-------- Recorded information

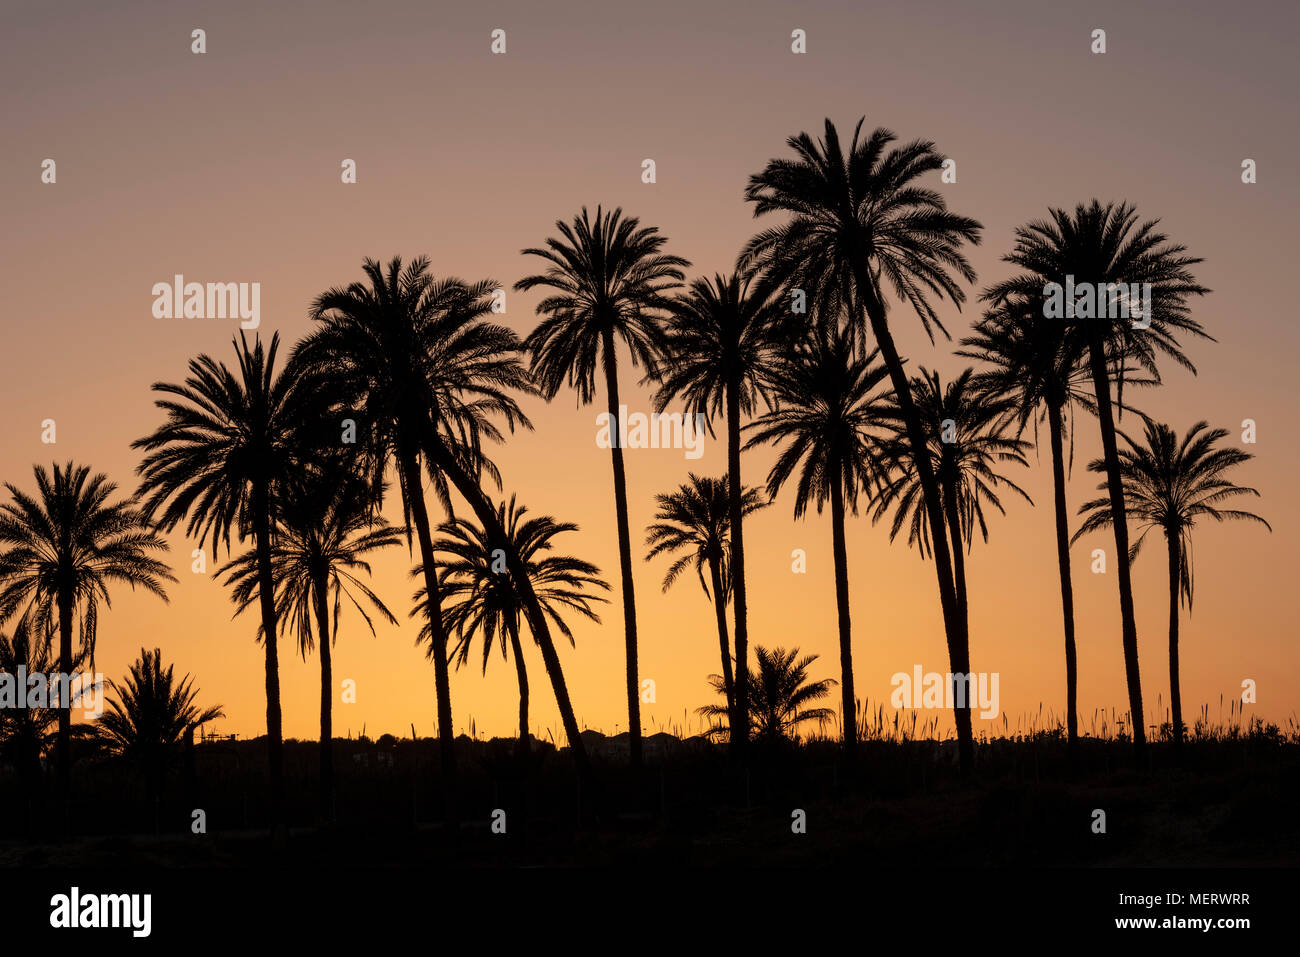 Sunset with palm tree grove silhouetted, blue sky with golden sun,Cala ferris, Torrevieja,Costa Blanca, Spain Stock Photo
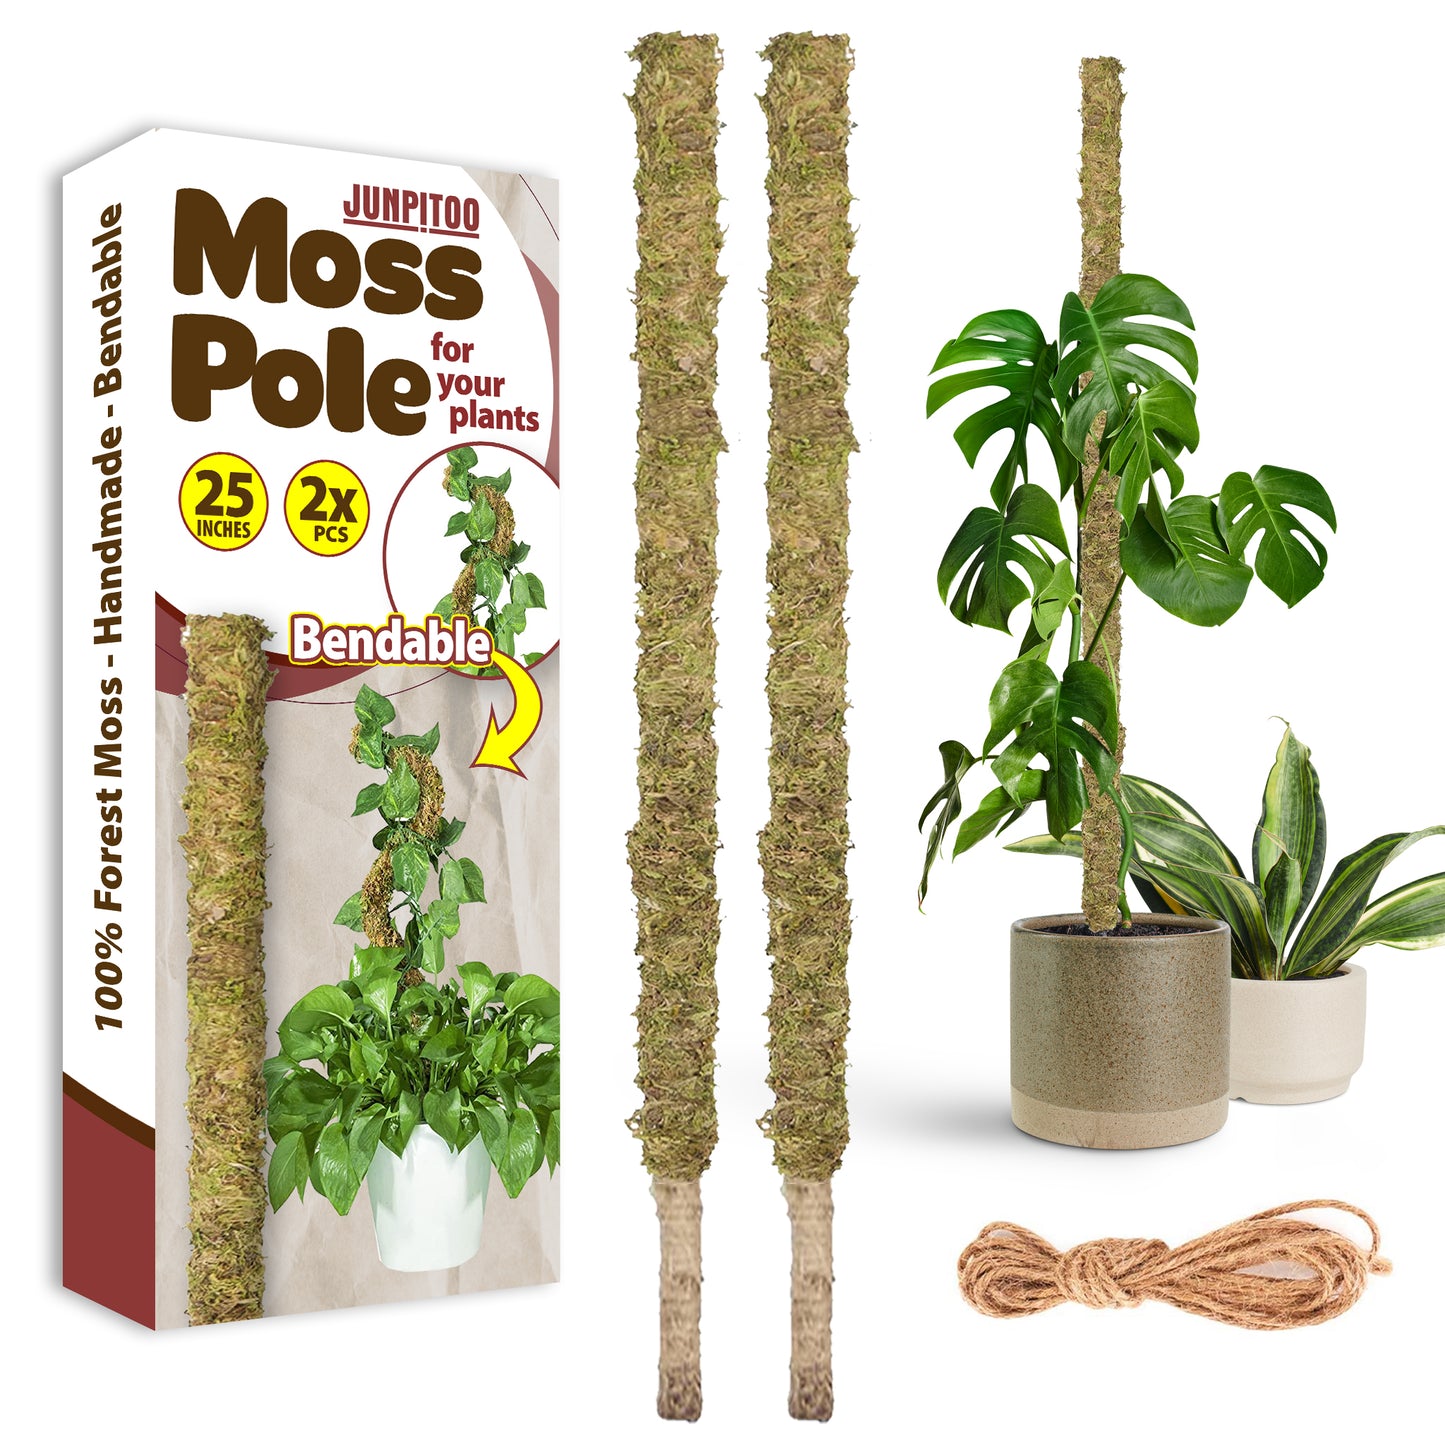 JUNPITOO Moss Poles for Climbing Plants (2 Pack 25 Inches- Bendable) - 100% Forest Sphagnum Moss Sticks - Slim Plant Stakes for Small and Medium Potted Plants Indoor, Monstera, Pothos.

----------------
-------- Recorded information

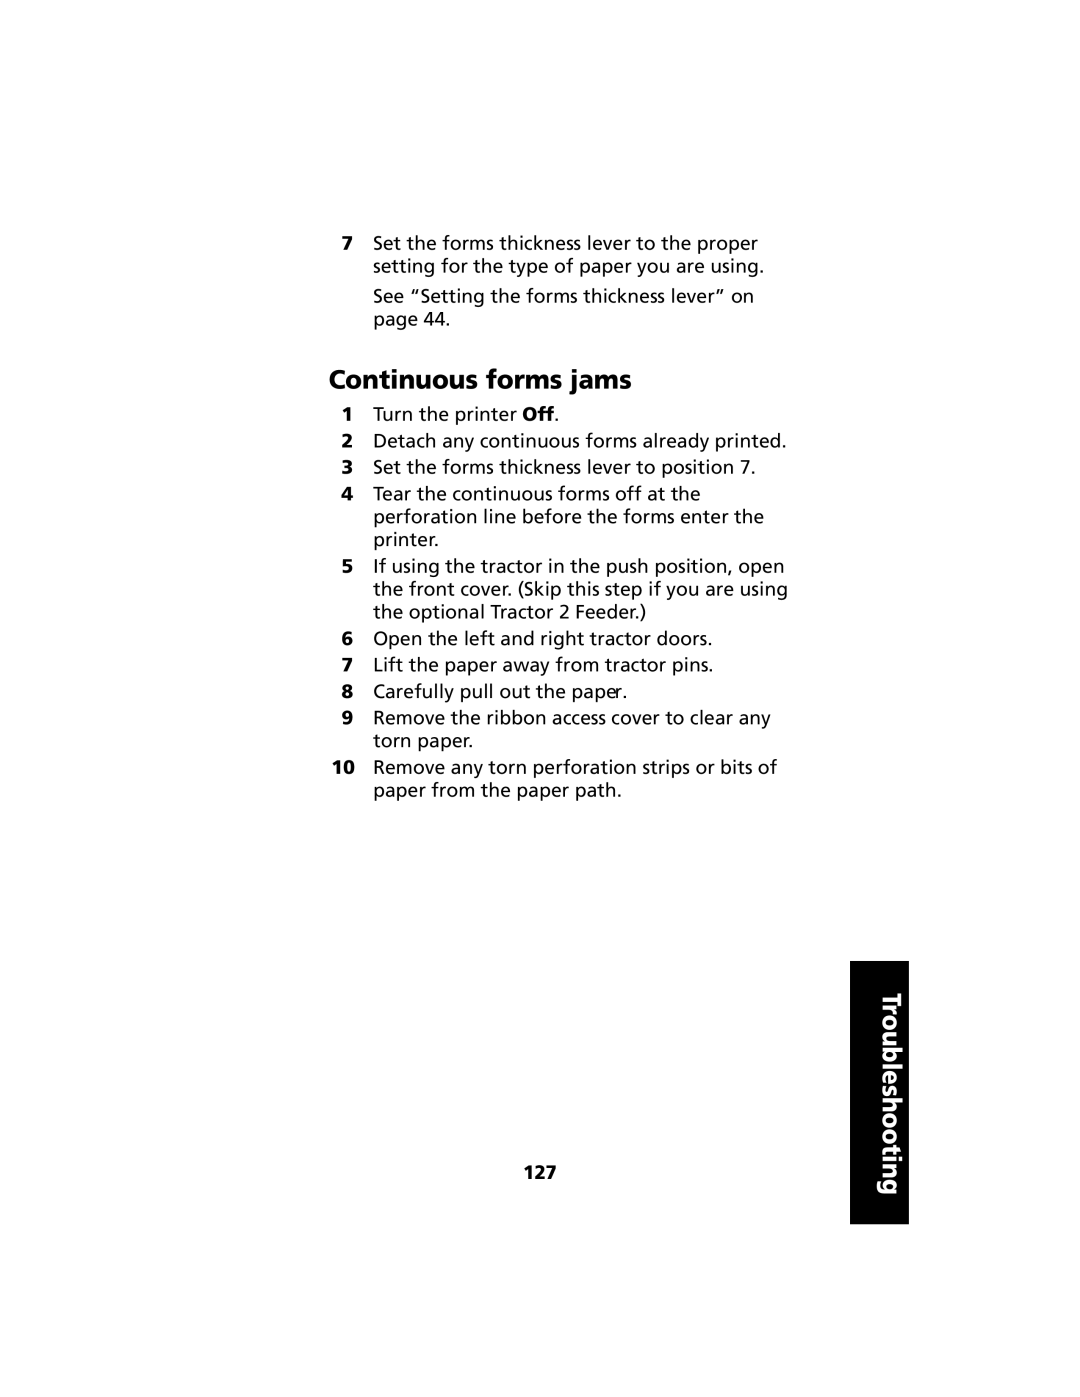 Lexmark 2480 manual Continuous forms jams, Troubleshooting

----------------

- [Task instructions]: In the records above, find the line containing "Sunset with palm" and the line containing "JUNPITOO Moss Poles", then give both of them again word for word along with every line between. Omit any pictures.

- [Result for this task]:
 Sunset with palm tree grove silhouetted, blue sky with golden sun,Cala ferris, Torrevieja,Costa Blanca, Spain Stock Photo
 JUNPITOO Moss Poles for Climbing Plants (2 Pack 25 Inches- Bendable) - 100% Forest Sphagnum Moss Sticks - Slim Plant Stakes for Small and Medium Potted Plants Indoor, Monstera, Pothos.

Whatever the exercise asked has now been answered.